This week, the Government unveiled the next stages of its plan to reward farmers and landowners for actions which benefit the environment, supporting sustainable food production alongside vital nature recovery.
Two new environmental land management schemes will play an essential role in halting the decline in species by 2030, bringing up to 60% of England’s agricultural soil under sustainable management by 2030, and restoring up to 300,000 hectares of wildlife habitat by 2042.
The schemes are designed to provide farmers with a range of options from which they can choose the best for their business now we have left the EU.
The Local Nature Recovery scheme will pay farmers for locally-targeted actions which make space for nature in the farmed landscape and countryside such as creating wildlife habitat, planting trees or restoring peat and wetland areas. The Landscape Recovery scheme will support more radical changes to land-use change and habitat restoration such as establishing new nature reserves, restoring floodplains, or creating woodland and wetlands.

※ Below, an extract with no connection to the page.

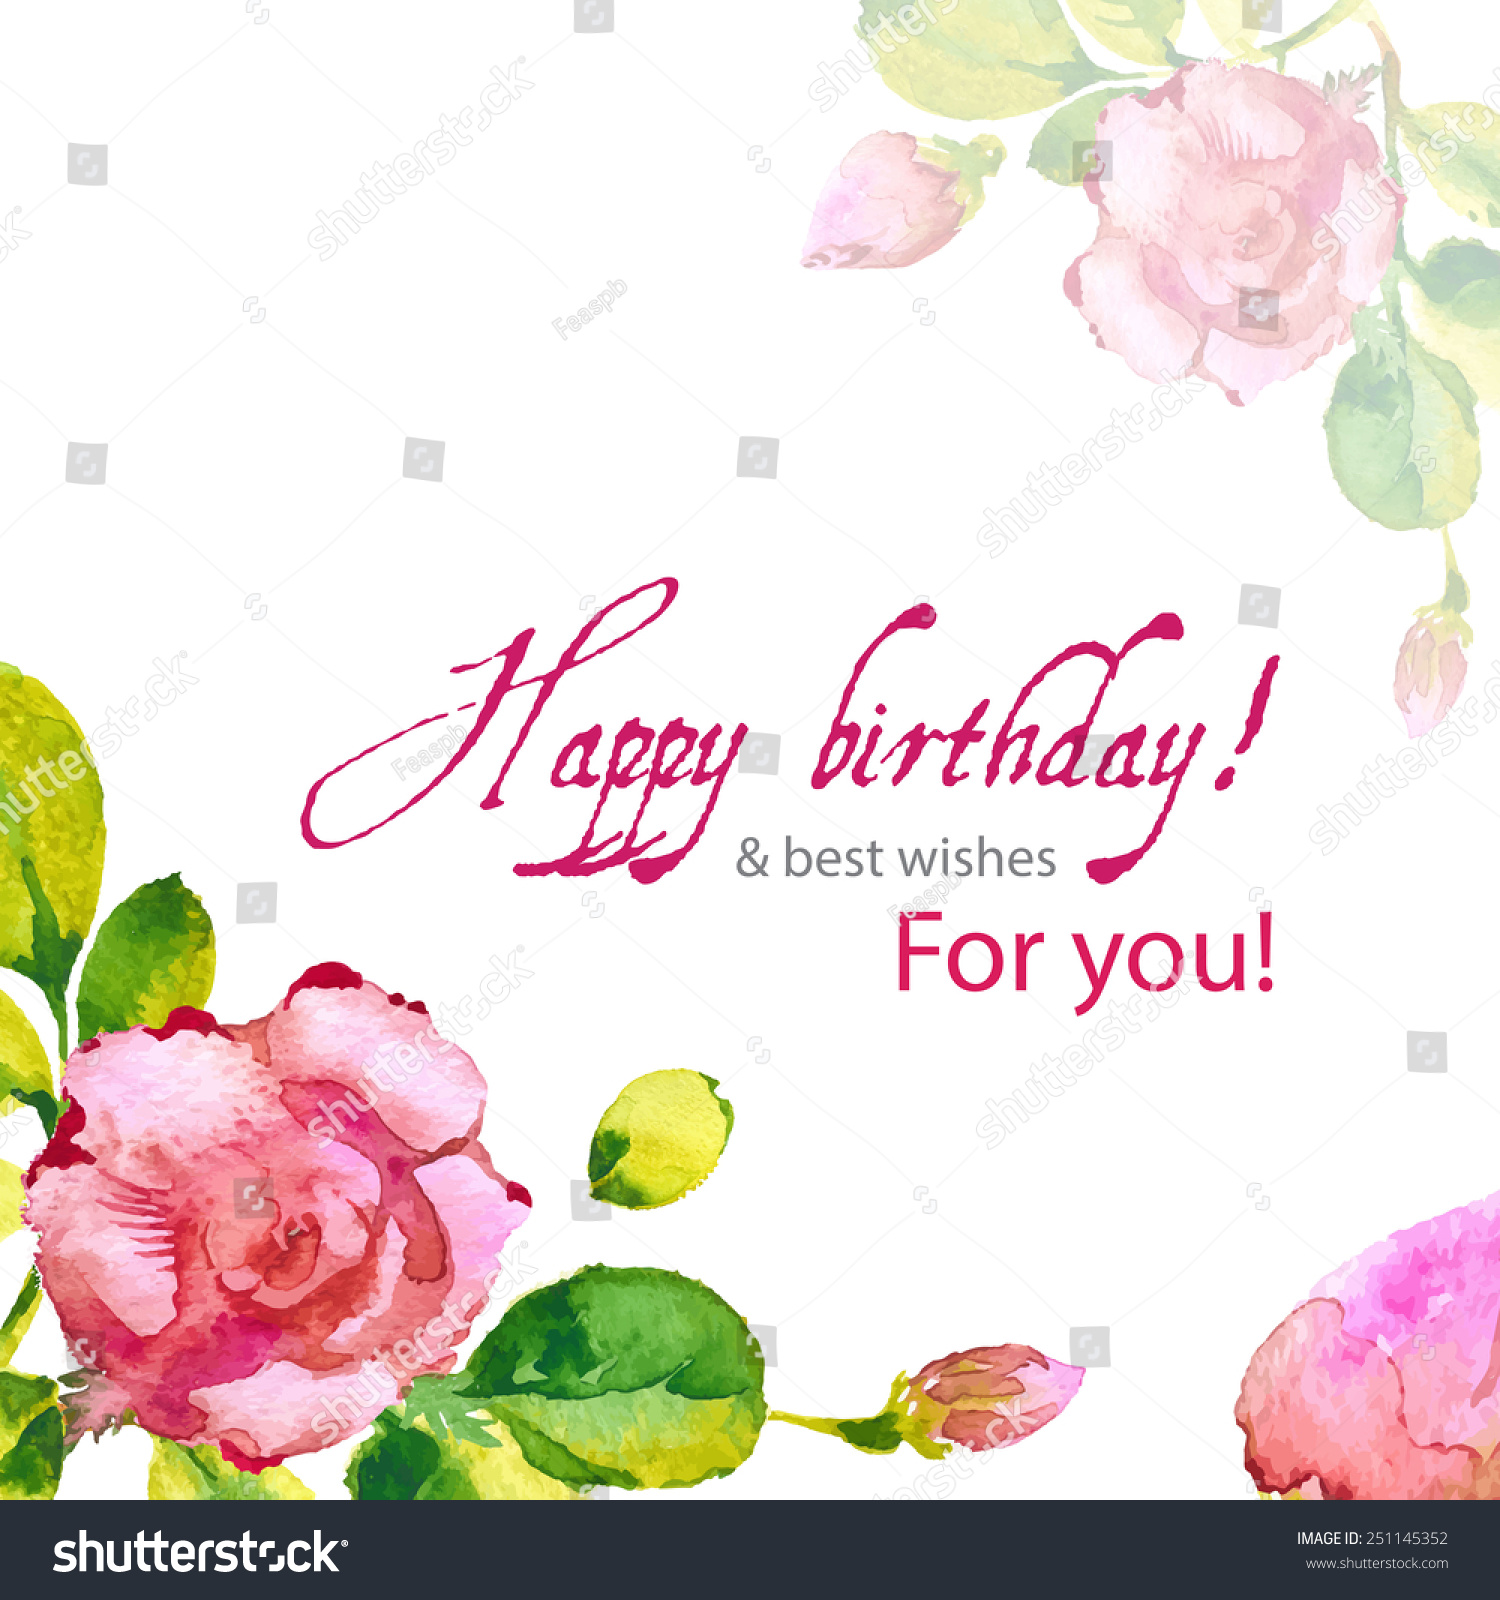 Happy birthday vintage flower card vector stock vector 251145352 happy birthday vintage flower card vector stock vector 251145352 shutterstock izmirmasajfo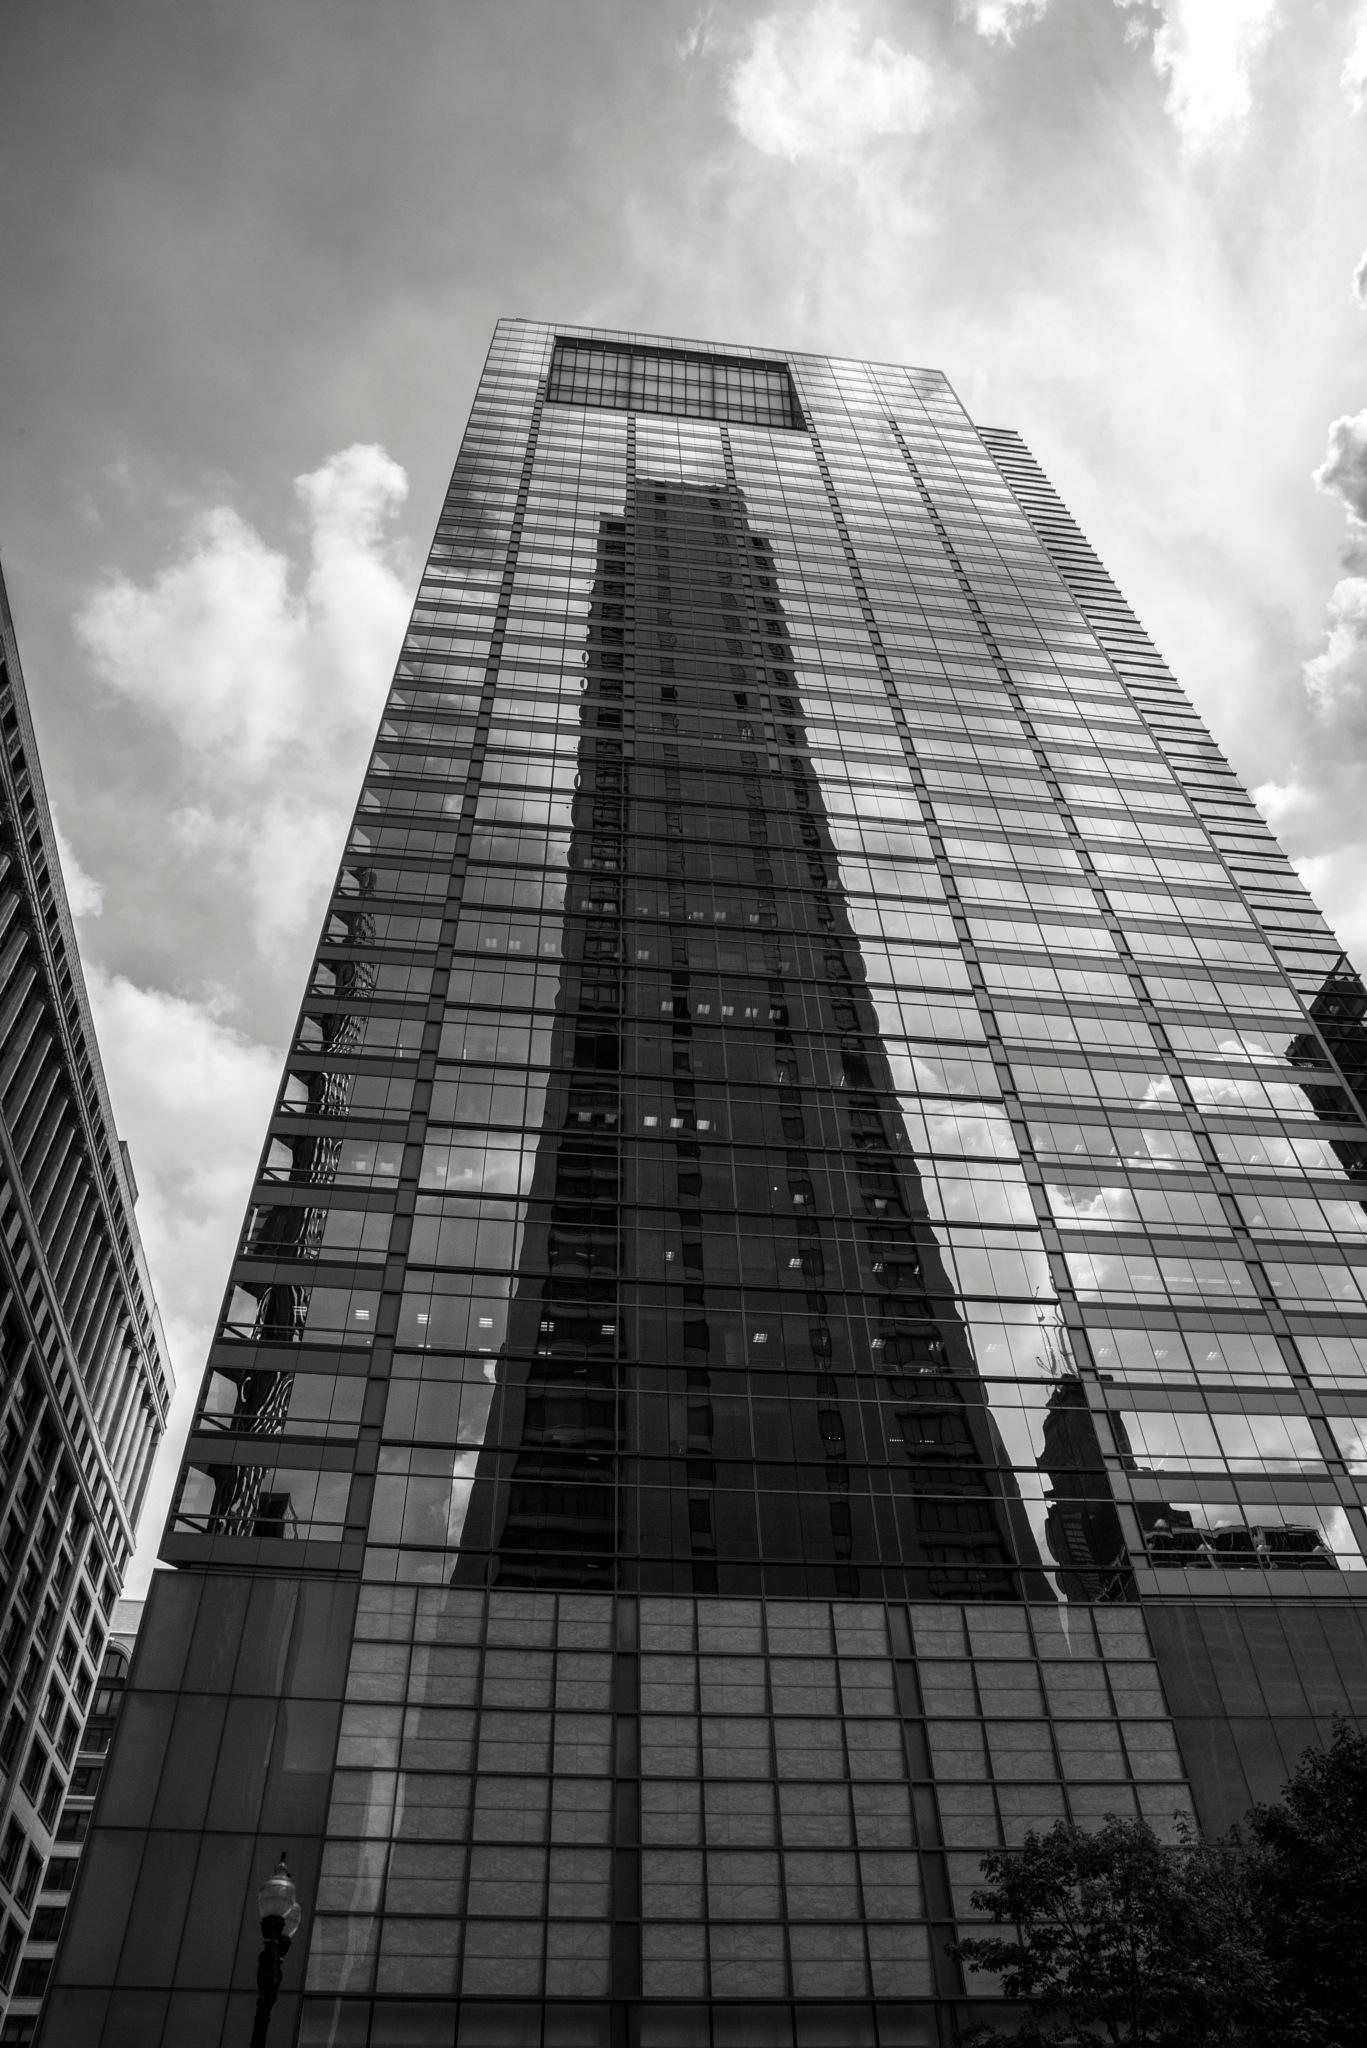 Chicago skyscraper by alextrusty

Taken together with the previously announced Sustainable Farming Incentive which supports sustainable farming practices, they are designed to provide farmers and land owners with a broad range of voluntary options from which they can choose the best for their business. The reforms are the biggest changes to farming and land management in 50 years with more than 3,000 farmers already testing the new schemes.
MP for North East Bedfordshire, Richard Fuller, commented:
Supporting farmers to ensure we maintain and expand our domestic food production remains a key objective and is now joined with encouraging their support to make space for nature in the farmed landscape.
We need to get this transition from production subsidies to “public money for public goods” right for the long term, so throughout 2022 I will be listening closely to local farmers to learn how progress is going and where changes need to be made.